Tim Berners-Lee showed a read-write version of Tabulator. This raises the question of updating on the Data Web. The consensus was that one could assert what one wanted in one's own space but that others' spaces would be read-only. What spaces one considered relevant would be the user's or developer's business, as in the document web.
It seems to me that a significant use case of LOD is an open-web situation where the user picks a broad read-only "data wallpaper" or backdrop of assertions, and then uses this combined with a much smaller, local, writable data set. This is certainly the case when editing data for publishing, as in Tim's demo. This will also be the case when developing mesh-ups combining multiple distinct data sets bound together by sets of SameAs assertions, for example. Questions like, "What is the minimum subset of n data sets needed for deriving the result?" will be common. This will also be the case in applications using proprietary data combined with open data.
This means that databases will have to deal with queries that specify large lists of included graphs, all graphs in the store or all graphs with an exclusion list. All this is quite possible but again should be considered when architecting systems for an open linked data web.
"There is data but what can we really do with it? How far can we trust it, and what can we confidently decide based on it?"
As an answer to this question, Zitgist has compiled the UMBEL taxonomy using SKOS. This draws on Wikipedia, Open CYC, Wordnet, and YAGO, hence the acronym WOWY. UMBEL is both a taxononmy and a set of instance data, containing a large set of named entities, including persons, organizations, geopolitical entities, and so forth. By extracting references to this set of named entities from documents and correlating this to the taxonomy, one gets a good idea of what a document (or part thereof) is about.
Kingsley presented this in the Zitgist demo. This is our answer to the criticism about DBpedia having errors in classification. DBpedia, as a bootstrap stage, is about giving names to all things. Subsequent efforts like UMBEL are about refining the relationships.
"Should there be a global URI dictionary?"
There was a talk by Paolo Bouquet about Entity Name System, a a sort of data DNS, with the purpose of associating some description and rough classification to URIs. This would allow discovering URIs for reuse. I'd say that this is good if it can cut down on the SameAs proliferation and if this can be widely distributed and replicated for resilience, à la DNS. On the other hand, it was pointed out that this was not quite in the LOD spirit, where parties would mint their own dereferenceable URIs, in their own domains. We'll see.
"What to do when identity expires?"
Giovanni of Sindice said that a document should be removed from search if it was no longer available. Kingsley pointed out that resilience of reference requires some way to recover data. The data web cannot be less resilient than the document web, and there is a point to having access to history. He recommended hooking up with the Internet Archive, since they make long term persistence their business. In this way, if an application depends on data, and the URIs on which it depends are no longer dereferenceable or or provide content from a new owner of the domain, those who need the old version can still get it and host it themselves.

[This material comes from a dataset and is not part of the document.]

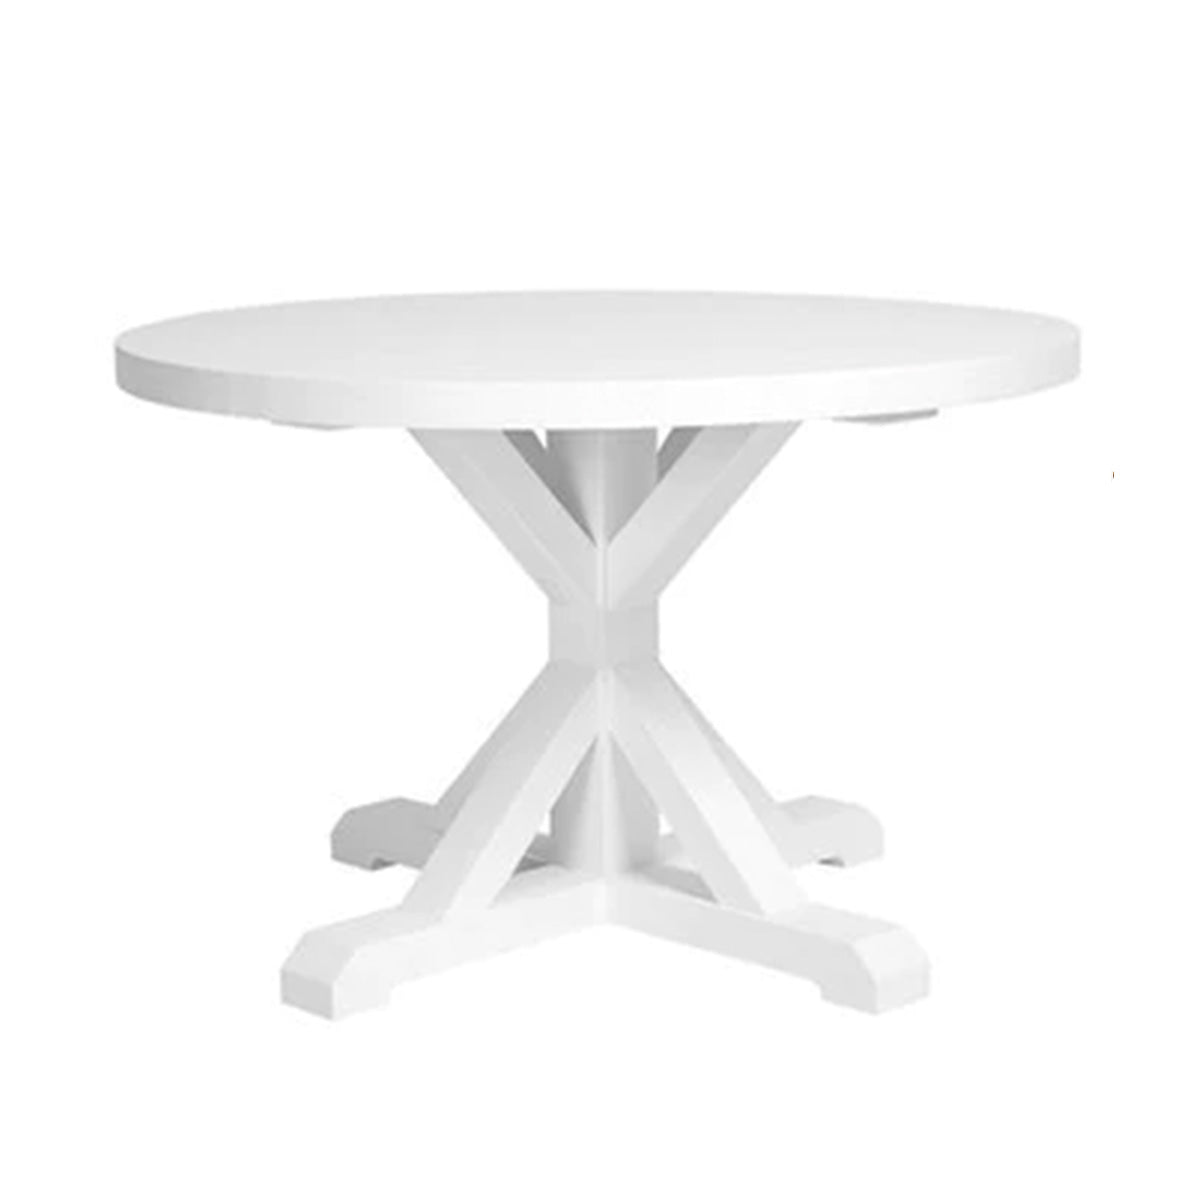 Hamilton White Round Dining Table - 2 Sizes

It is increasingly clear that OWL SameAs is both the blessing and bane of linked data. We can easily have tens of URIs for the same thing, especially with people. Still, these should be considered the same.
Returning every synonym in a query answer hardly makes sense but accepting them as input seems almost necessary. This is what we do with Virtuoso's SameAs support. Even so, this can easily double query times even when there are no synonyms.

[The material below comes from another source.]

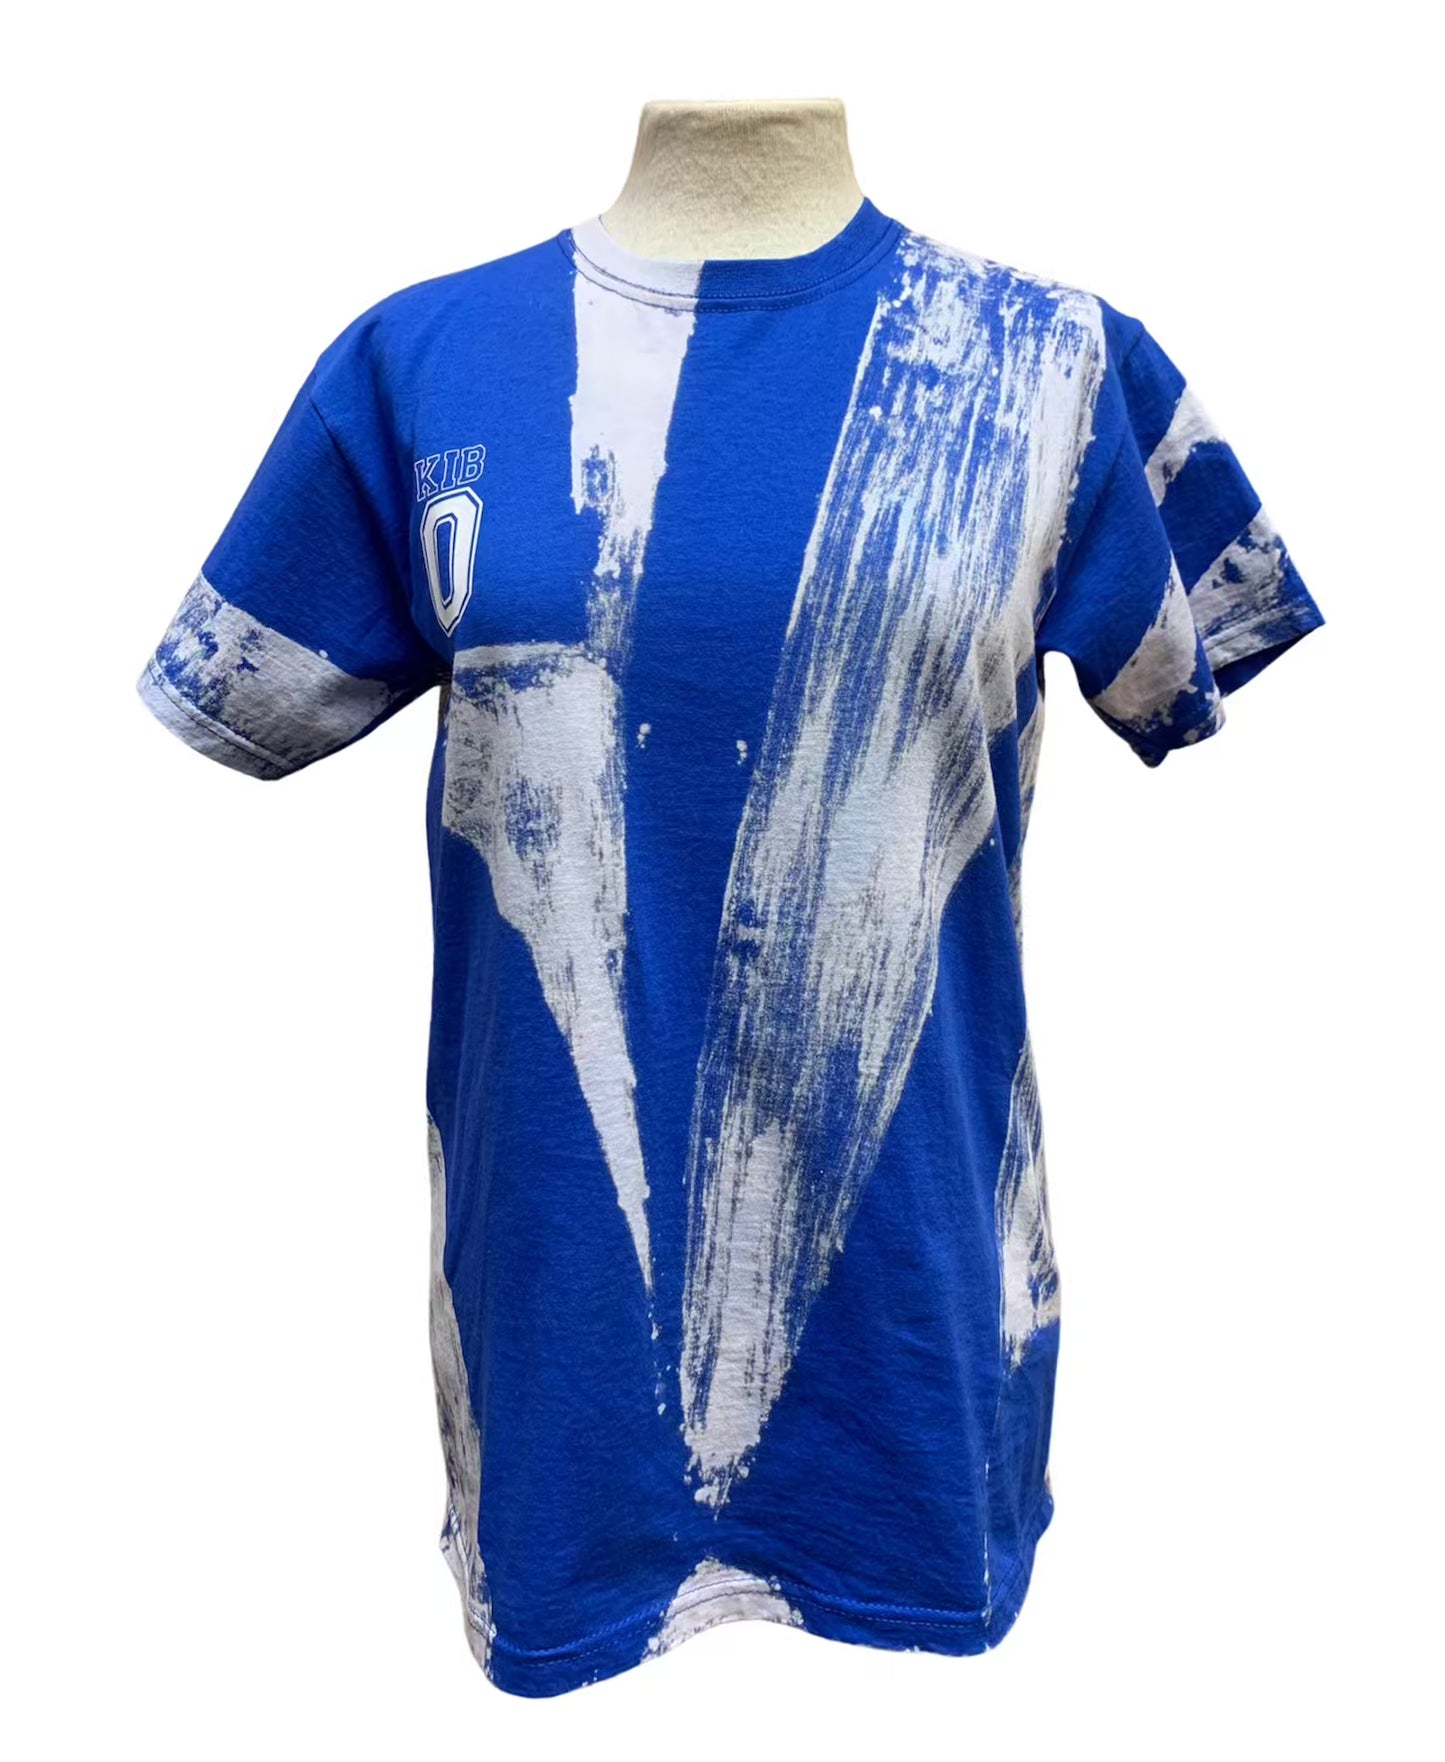 Partxis Blue S T-shirt

Be that as it may, SameAs is here to stay; just consider the mapping of DBpedia to Geonames, for example.
Also, making aberrant SameAs statements can completely poison a data set and lead to absurd query results. Hence choosing which SameAs assertions from which source will be considered seems necessary. In an open web scenario, this leads inevitably to multi-graph queries that can be complex to write with regular SPARQL. By extension, it seems that a good query would also include the graphs actually used for deriving each result row. This is of course possible but has some implications on how databases should be organized.
Yves Raymond gave a talk about deriving identity between Musicbrainz and Jamendo. I see the issue as a core question of linked data in general. The algorithm Yves presented started with attribute value similarities and then followed related entities. Artists would be the same if they had similar names and similar names of albums with similar song titles, for example. We can find the same basic question in any analysis, for example, looking at how news reporting differs between media, supposing there is adequate entity extraction.
There is basic graph diffing in RDFSync, for example. But here we are expanding the context significantly. We will traverse references to some depth, allow similarity matches, SameAs, and so forth. Having presumed identity of two URIs, we can then look at the difference in their environment to produce a human readable summary. This could then be evaluated for purposes of analysis or of combining content.
At first sight, these algorithms seem well parallelizable, as long as all threads have access to all data. For scaling, this means a probably message-bound distributed algorithm. This is something to look into for the next stage of linked data.
Some inference is needed, but if everybody has their own choice of data sets to query, then everybody would also have their own entailed triples. This will make for an explosion of entailed graphs if forward chaining is used. Forward chaining is very nice because it keeps queries simple and easy to optimize. With Virtuoso, we still favor backward chaining since we expect a great diversity of graph combinations and near infinite volume in the open web scenario. With private repositories of slowly changing data put together for a special application, the situation is different.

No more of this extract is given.